Сейчас я ничего такого не чувствую. Ни злости, ни ярости… Просто понимаю — надо положить конец этому ползанию по темным коридорам, в сырости, постоянно натыкаясь на пятна разросшейся махровой плесени…
Наверняка она ждала. Знала, что когда-нибудь попытаюсь… Как только я прыгнул, протянув руки к её шее, тело пронзило током и я свалился на пол, больно ударившись подбородком и ребрами. В глазах помутилось.
Пролежал несколько часов. Малейшее движение, даже моргание, причиняло невероятные страдания. Конечности подергивались, как у эпилептика. Хотелось сдохнуть. В первую очередь — от стыда… Обмочился во время судорог.

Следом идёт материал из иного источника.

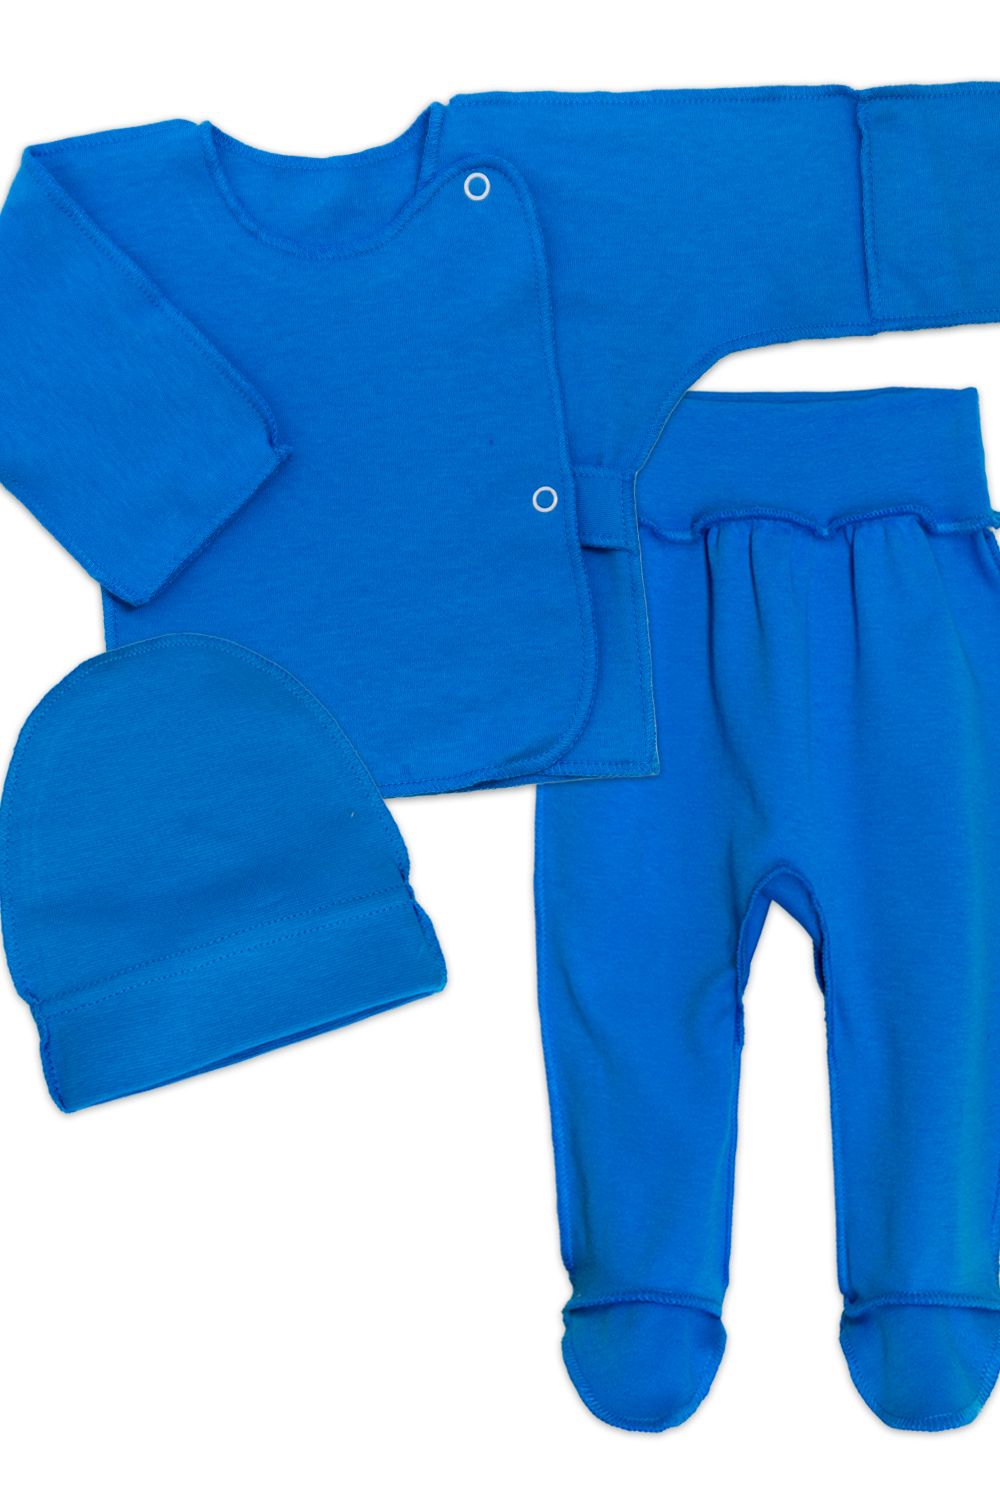 Комплект для новорожденных (распашонка, шапочка, ползунки) 4299 - синий

Панда просто ушла. Бросила подыхать, как бродячего пса.
…Прошло несколько дней, или недель — я перестал следить за часами. Проводил время наверху, рядом с ЭВМ. Боялся, что она прокрадется, когда меня не будет, и что-нибудь испортит. Провода перережет, например…
Старался не отсвечивать. Как вор прокрадывался вниз, к складу старой тушенки, набирал сколько мог и тащил в свою берлогу. Даже гальюн соорудил, в подсобке. Экономя фонарик, ходил в полной темноте, ориентируясь по запахам и рельефу стен. Сумасшедшая крыса.
Что-то бормотал — просто так, чтобы слушать живой голос. Рассказывал сам себе истории, вычитанные когда-то в детстве…
Время остановилось. Без смены дня и ночи, лишенный какого-либо осмысленного занятия, я всё глубже погружался в призрачный, иллюзорный мир. Казалось, что наш островок — единственный кусок суши, уцелевший после войны. Вся планета погрузилась в полярную ночь ядерной зимы…
Я всё время думал о том, чтобы запустить последние ракеты. Пусть себе летят, довершат начатое другими, выполнят свое предназначение. Да и мое, пожалуй, тоже…
Просыпаясь на полу, в ворохе отсыревших тряпок, я думал: сейчас!.. Подняться наверх, в операционный зал, врубить последний отсчет… Но нужно сначала перекусить. Да, точно, перекусить. Посмотреть, что делает «она». А потом и… Сколько раз я просыпался с такими мыслями? Даже не знаю.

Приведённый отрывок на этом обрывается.